Laetitia Gerossier 1 , Anaëlle Dubois 1 , Alexia Paturel 1 , Nadim Fares 1 , Damien Cohen 1 , Phillippe Merle 2 , Joel Lachuer 3 , Anne Wierinckx 3 , Pierre Saintigny 4 , Brigitte Bancel 5 , Janick Selves 6 , Anne Schnitzler 7 , Bérengère Ouine 8 , Aurélie Cartier 8 , Leanne de Koning 8 , Vincent Puard 8 , Ivan Bieche 7 , Hector Hernandez-Vargas 1 , Janet Hall 1 , Isabelle Chemin 9
Affiliations
Affiliations
1
Univ Lyon, Université Claude Bernard Lyon 1, INSERM, CNRS, Centre Léon Bérard, Centre De Recherche En Cancérologie De Lyon, Lyon, 69008, France.
2
Univ Lyon, Université Claude Bernard Lyon 1, INSERM, CNRS, Centre Léon Bérard, Centre De Recherche En Cancérologie De Lyon, Lyon, 69008, France; Department of Hepatology, Groupement Hospitalier Nord, Hospices Civils De Lyon, Lyon, 69000 France.
3
Univ Lyon, Université Claude Bernard Lyon 1, INSERM, CNRS, Centre Léon Bérard, Centre De Recherche En Cancérologie De Lyon, Lyon, 69008, France; ProfileXpert, SFR-Est, CNRS UMR-S3453, INSERM US7, Lyon Cedex 08, F-69373, France.
4
Univ Lyon, Université Claude Bernard Lyon 1, INSERM, CNRS, Centre Léon Bérard, Centre De Recherche En Cancérologie De Lyon, Lyon, 69008, France; Department of Medical Oncology, Centre Léon Bérard, Lyon, France.
5
Service d'Anatomopathologie, Groupement Hospitalier Est, Hospices Civils De Lyon, Lyon, 69000, France.
6
Anatomie Et Cytologie Pathologiques Pôle IUC Oncopole CHU Institut Universitaire Du Cancer De Toulouse - Oncopole, Toulouse, F- 31059, France.
7
Department of Genetics, Institut Curie, PSL Research University, Paris, F-75005, France.
8
Department of Translational Research, Institut Curie, PSL Research University, Paris, F-75005, France.
9
Univ Lyon, Université Claude Bernard Lyon 1, INSERM, CNRS, Centre Léon Bérard, Centre De Recherche En Cancérologie De Lyon, Lyon, 69008, France. Electronic address: [email protected].
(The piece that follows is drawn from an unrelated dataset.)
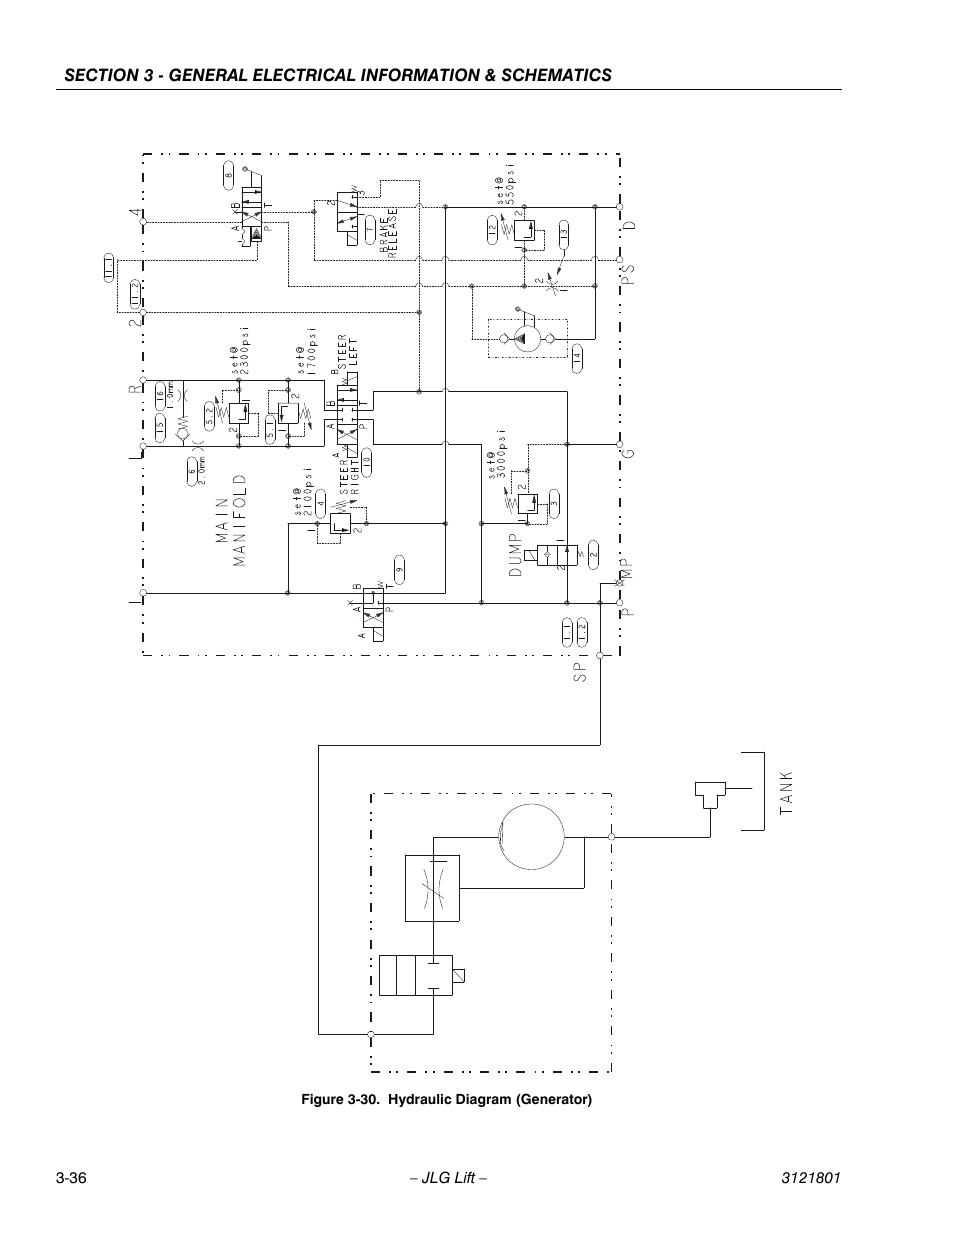 Hasse Diagram Generator Online Manual Guide

PMID: 33183998 DOI: 10.1016/j.clinre.2020.09.014
Abstract
Background: A promising avenue for cancer treatment is exacerbating the deregulation of the DNA repair machinery that would normally protect the genome. To address the applicability of poly(ADP-ribose) polymerase (PARP) inhibitors (PARPi) combined with radiotherapy for the treatment of hepatocellular carcinoma (HCC) two approaches were used: firstly, the in vitro sensitivity to the PARPi Veliparib and Talazoparib +/- radiation exposure was determined in liver cell lines and the impact of the HBV X protein (HBx) that deregulates cellular DNA damage repair via SMC5/6 degradation was investigated. Secondly, PARP expression profiles and DNA damage levels using the surrogate marker gammaH2AX were assessed in a panel of control liver vs HCC tissues.
Methods: Cell cytotoxicity was measured by clonogenic survival or relative cell growth and the DNA damage response using immunological-based techniques in Hep3B, PLC/PRF/5, HepG2- and HepaRG-derived models. Transcriptome changes due to HBx expression vs SMC6 loss were assessed by RNA sequencing in HepaRG-derived models. PARP and PARG transcripts (qPCR) and PARP1, H2AX and gammaH2AX protein levels (RPPA) were compared in control liver vs HBV-, HCV-, alcohol- and non-alcoholic steatohepatitis-associated HCC (tumor/peritumor) tissues.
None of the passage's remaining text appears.